Ale akt zrozumienia, akt nazwania nie wyczerpuje przecież całego ludzkiego powołania do bycia mądrym ogrodnikiem. Przychodzi moment, że Bóg „staje przed człowiekiem nie za pośrednictwem rzeczy, ale w swej prostocie”, nie wzywa nas już do nadawania rzeczom i czasowi imion, ale do bycia razem, do komunikacji bez pomocy słów, sylab lub formuł. Dla niektórych są to przechadzki w „nieskrępowanej pustce wiatru”, dla mnie zaś to jakby zanurzenie się w otchłań oceanu, nurkowanie i wynurzanie się, coś na kształt tańca humbaka, jednego z najbardziej niezależnych i nieprzewidywalnych wielorybów, nucących wciąż niezrozumiałą dla badaczy piosenkę, pełną kląskań, huków, metalicznych uderzeń i nawoływań. W takich chwilach wydaje mi się, że Bóg stanął przede mną w swojej prostocie, nie muszę być już jak pies gończy, pracowity bóbr, pilny kot i fenek z uszami jak radary, mogę obyć się bez ich szlachetnych zatrudnień i po prostu zanurkować w ocean Boga. Ale sęk w tym, że kiedyś, bardzo bardzo dawno temu, połknąłem Jonasza. Tak chciał Bóg, który stał się człowiekiem. Bóg, który „wziął na siebie słabość i pospolitość człowieka, i ukrył się pod postacią kogoś anonimowego i mało znaczącego, w bardzo mało znaczącym miejscu.
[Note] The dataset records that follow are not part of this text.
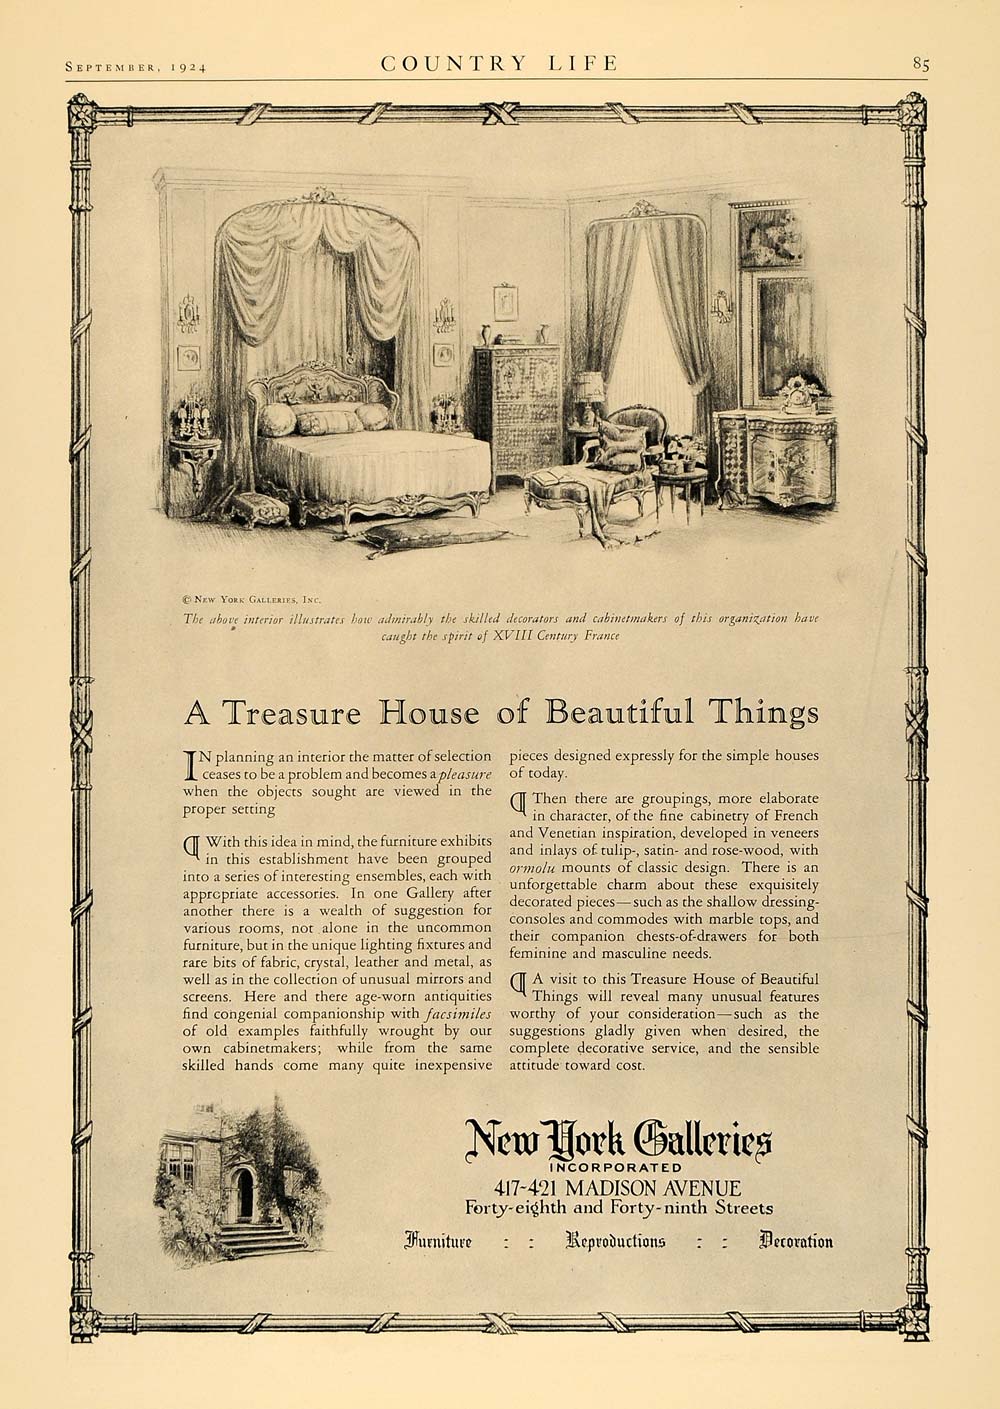 1924 Ad New York Galleries XVIII Century France Decor - ORIGINAL ADVERTISING CL6
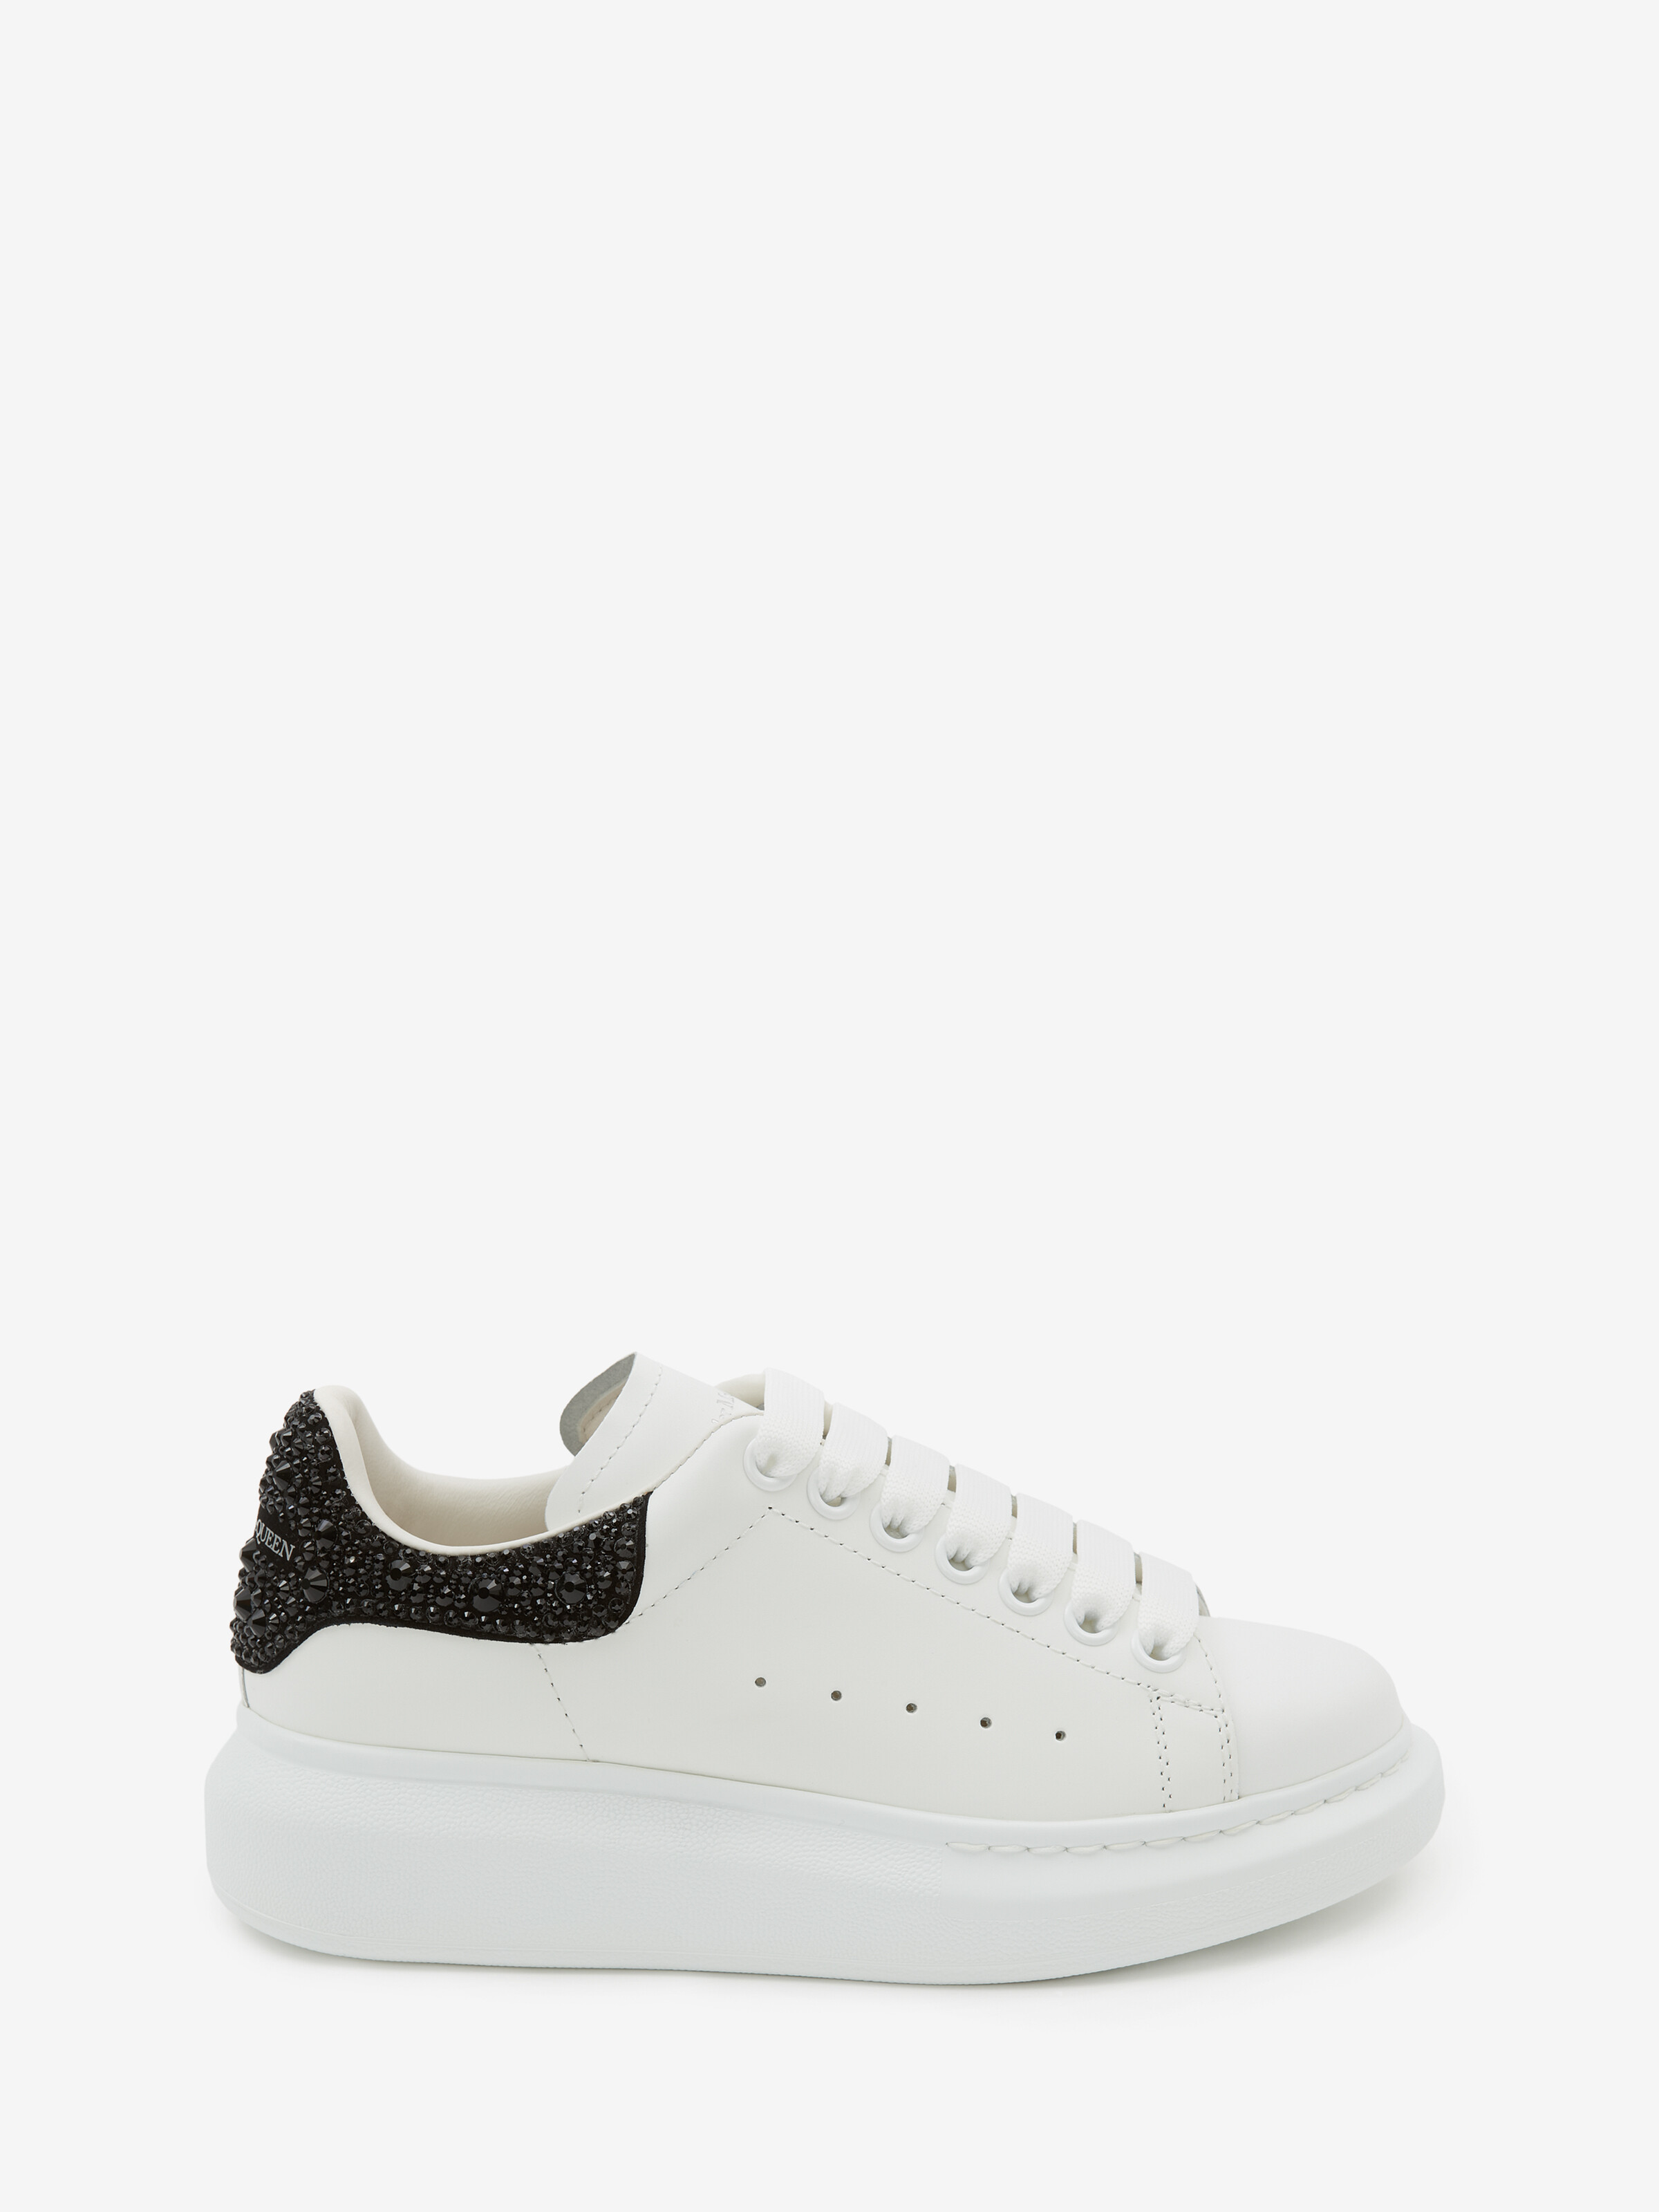 Alexander Mcqueen Oversized Sneaker In White/black
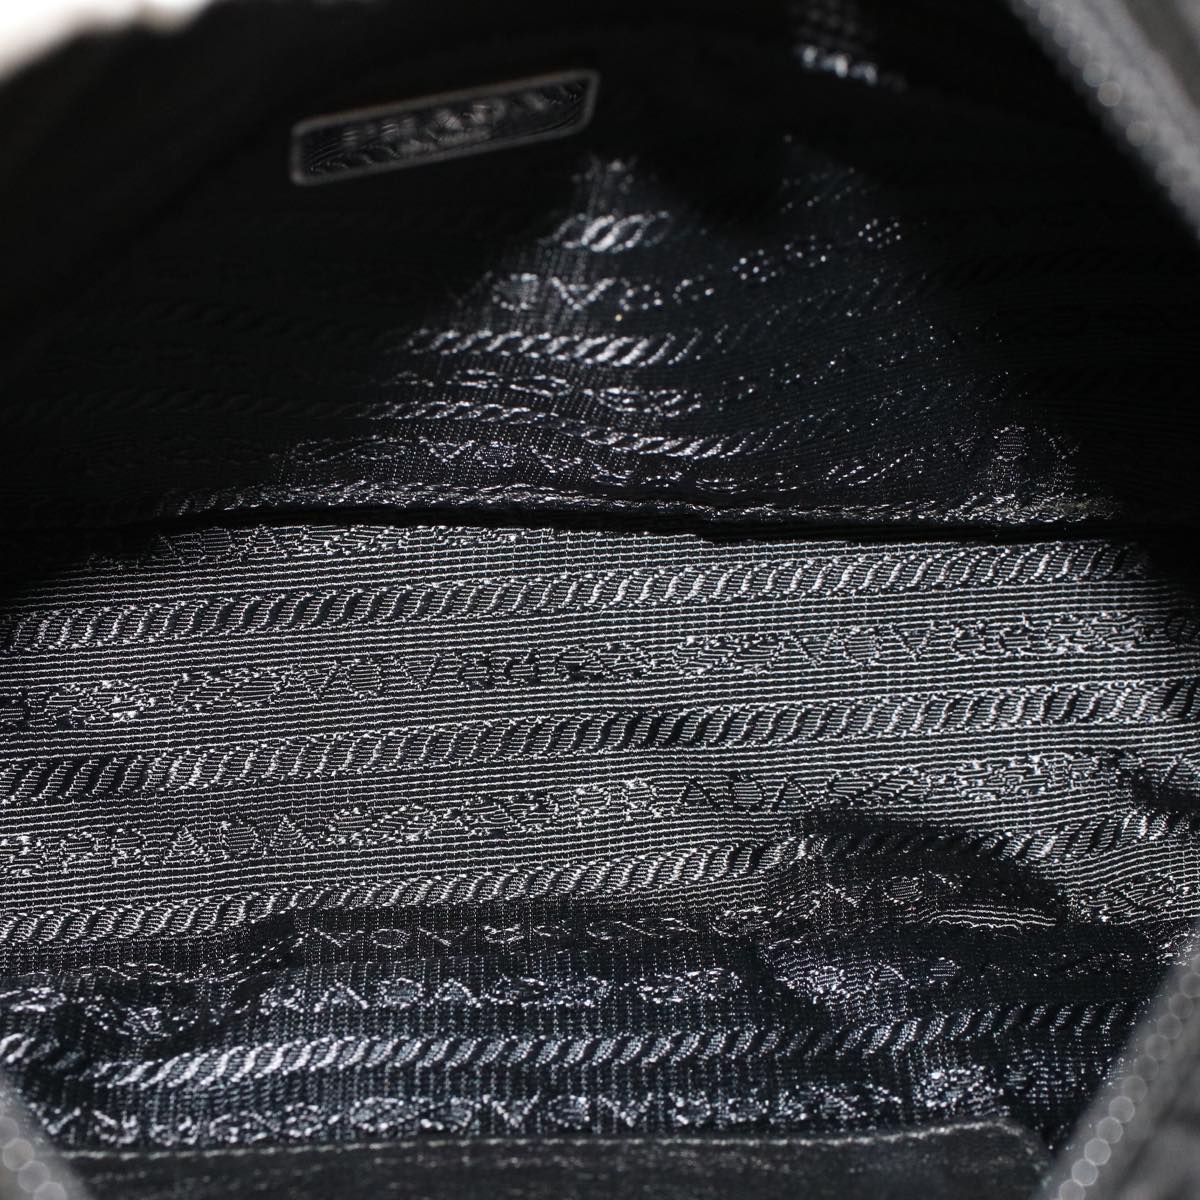 Prada Black Synthetic Tessuto Shoulder Bag

I w żadnym razie nie rozkazywał innym ludziom, nie był Królem, Przywódcą czy Reformatorem, ani nie wywyższał się nad swoje stworzenia w żaden sposób”. Jonasz – Jezus żyje w moich ciemnościach, daje mi znaki – a jakże – Jonasza, trawię Go i mój apetyt, pożądanie, przemoc powinny Go zabić, ale On żyje, bo „obecność Boga w Jego świecie jako Stwórcy zależy jedynie od Niego. Jego obecność w świecie jako Człowieka zależy w pewnym stopniu od ludzi. Nie znaczy to, że możemy cokolwiek uczynić, by zmienić samą tajemnicę Wcielenia: jesteśmy jednak w stanie podjąć decyzję, czy my sami albo ta część świata, która jest naszą, ma stać się świadoma Jego obecności, by zostaćFlorka – piesek przydrożny, a właściwie polny.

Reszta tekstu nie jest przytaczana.